Drug Discovery Projects
MMV welcomes proposals in the following three areas:
1. Compounds addressing the key priorities of the malaria eradication agenda
Novel families of molecules in the hit-to-lead or lead optimization stages are sought without G6PD deficiency liabilities that either:
- kill or reactivate hypnozoites for use as part of a P. vivax radical cure; or
- have activity against sexual stage V gametocytes and evidence of transmission blocking in SMFA.
2. Compounds having activity against asexual liver and/or blood stages
Novel chemical series with EC50<500nM and which have one or more of the following key features:
- A known, novel mechanism of action;
- An inability to select resistant mutants in vitro;
- Activity at more than one life-cycle stage;
- A long half-life (ideally >4h in rodents) and confirmed in vivo efficacy.
For advanced series, we are seeking novel compounds with, ideally, a predicted human half-life >100h and a predicted oral single human dose <500mg or an i.m. dose that can be administered in <1mL and sufficient for up to 3 months’ protection in humans.
3. Novel approaches for screening
To help identify new phenotypic and/ or target based hits, as well as confirm activity of MMV compounds on all human malaria asexual blood stages, new screening proposals are sought amongst the three categories below:
- Validated Plasmodium target-based assays, ideally with evidence of target essentiality beyond asexual blood stages. Biological validation should be supported by a biological target based screening assay suited for identification of novel chemical series.
- Novel whole cell phenotypic screening paradigms to potentially identify new relevant chemistry.
- Asexual blood stage assays for vivax and ovale malaria.
Please complete the 3-page Letter of Interest template. Proposals involving a biological target should also include the target information template. See further instructions on how to complete the LOI.
Compounds for Target Identification
MMV also welcomes requests for support to investigate the mechanism of action of compounds:
MMV is a founder member of the Malaria Drug Accelerator (MalDA). MalDA, a consortium funded by the Bill and Melinda Gates Foundation and led by Prof. Elizabeth Winzeler (UCSD), is working on a project to identify mechanisms of action of antimalarial compounds having phenotypic activity. Compounds can be considered for such target identification activities provided that the following criteria are met:
- The Plasmodium whole cell EC50 <1uM and the chemical structure can be shared
- A minimum of 10mgs of compound can be provided to the consortium
A one page Excel template needs to be completed to submit a compound for target ID.
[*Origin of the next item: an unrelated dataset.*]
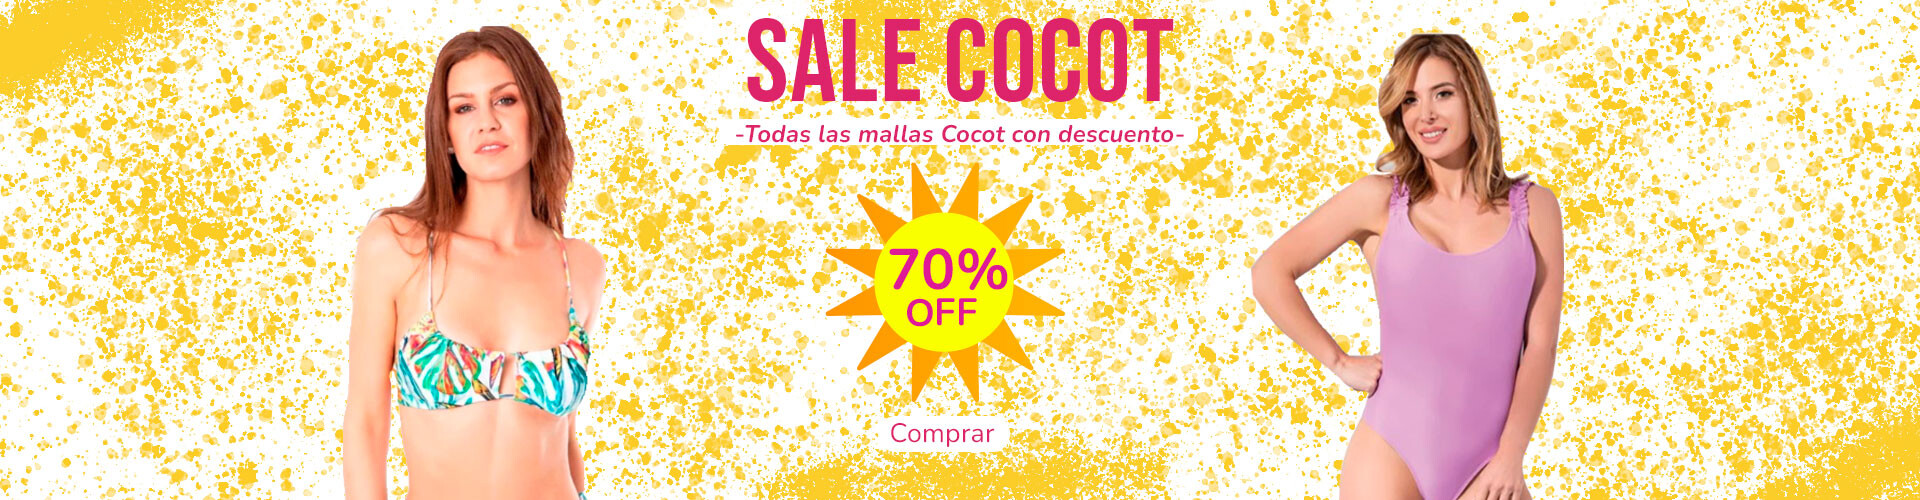 Sale cocot 70%off
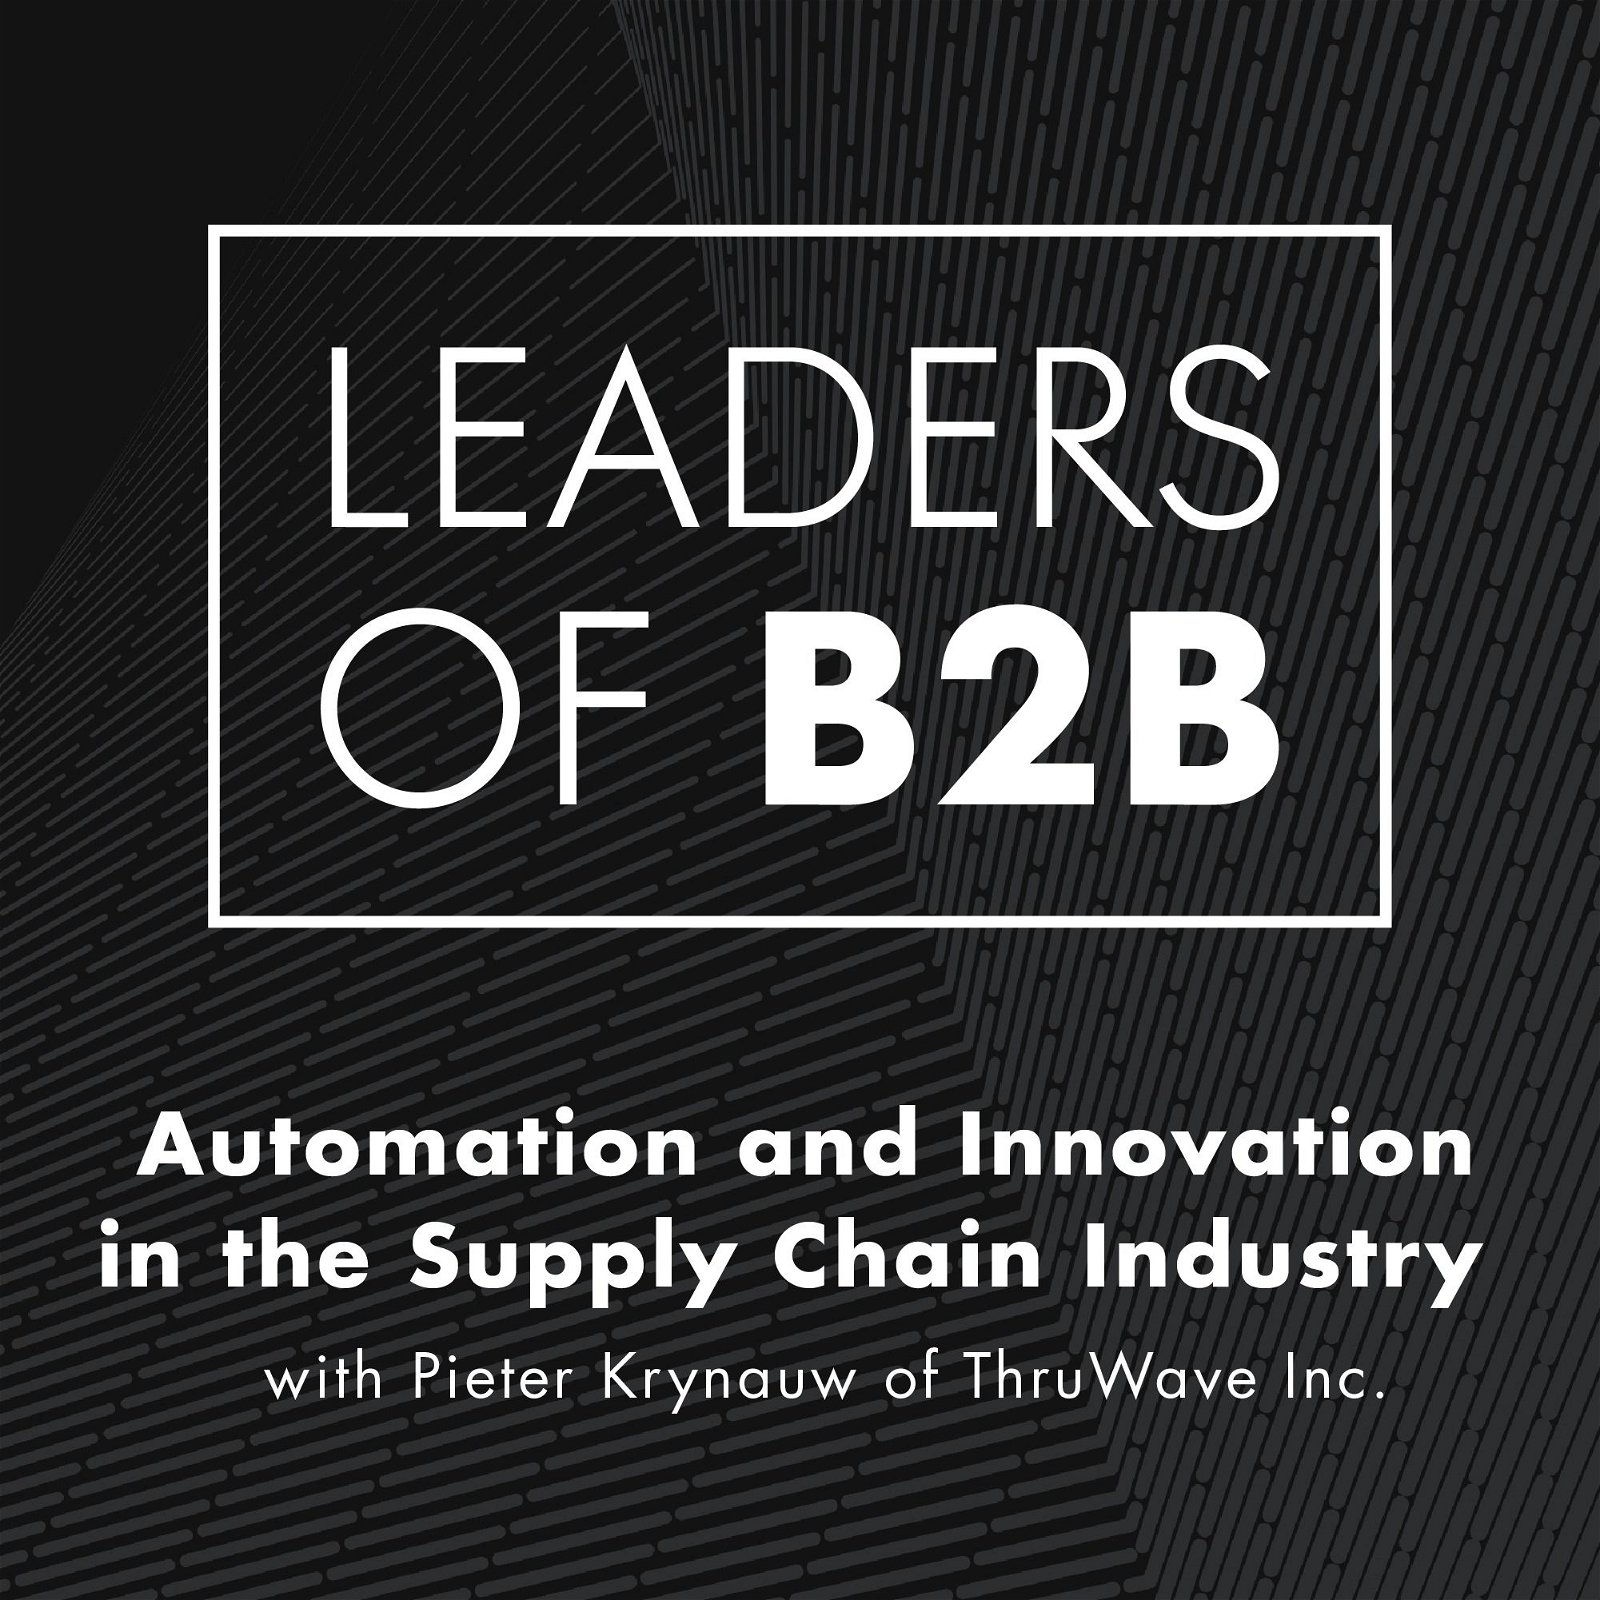 Automation and Innovation in the Supply Chain Industry with Pieter Krynauw of ThruWave Inc.

Call for African proposals
Finally, MMV welcomes proposals from endemic region African scientists focused in the following priority areas:
1. Compounds with confirmed activity on any antimalarial life-cycle stage
Novel families of molecules with confirmed activity (EC50 < 10uM) and a medicinal chemistry plan that tackles any known or anticipated liability. Priority will be given to proposals that maximize use of local natural products.
2. Assay development and screening
Assay development and screening to support discovery or development of novel antimalarials. Priority will be given to proposals that maximize use of local, field isolates.
Please complete the 2-page African Letter of Interest template. Proposals involving a biological target should also include the target information template. See further instructions on how to complete the African Letter of Interest.
Up to two African proposals of USD 20K each will be funded as part of this Call.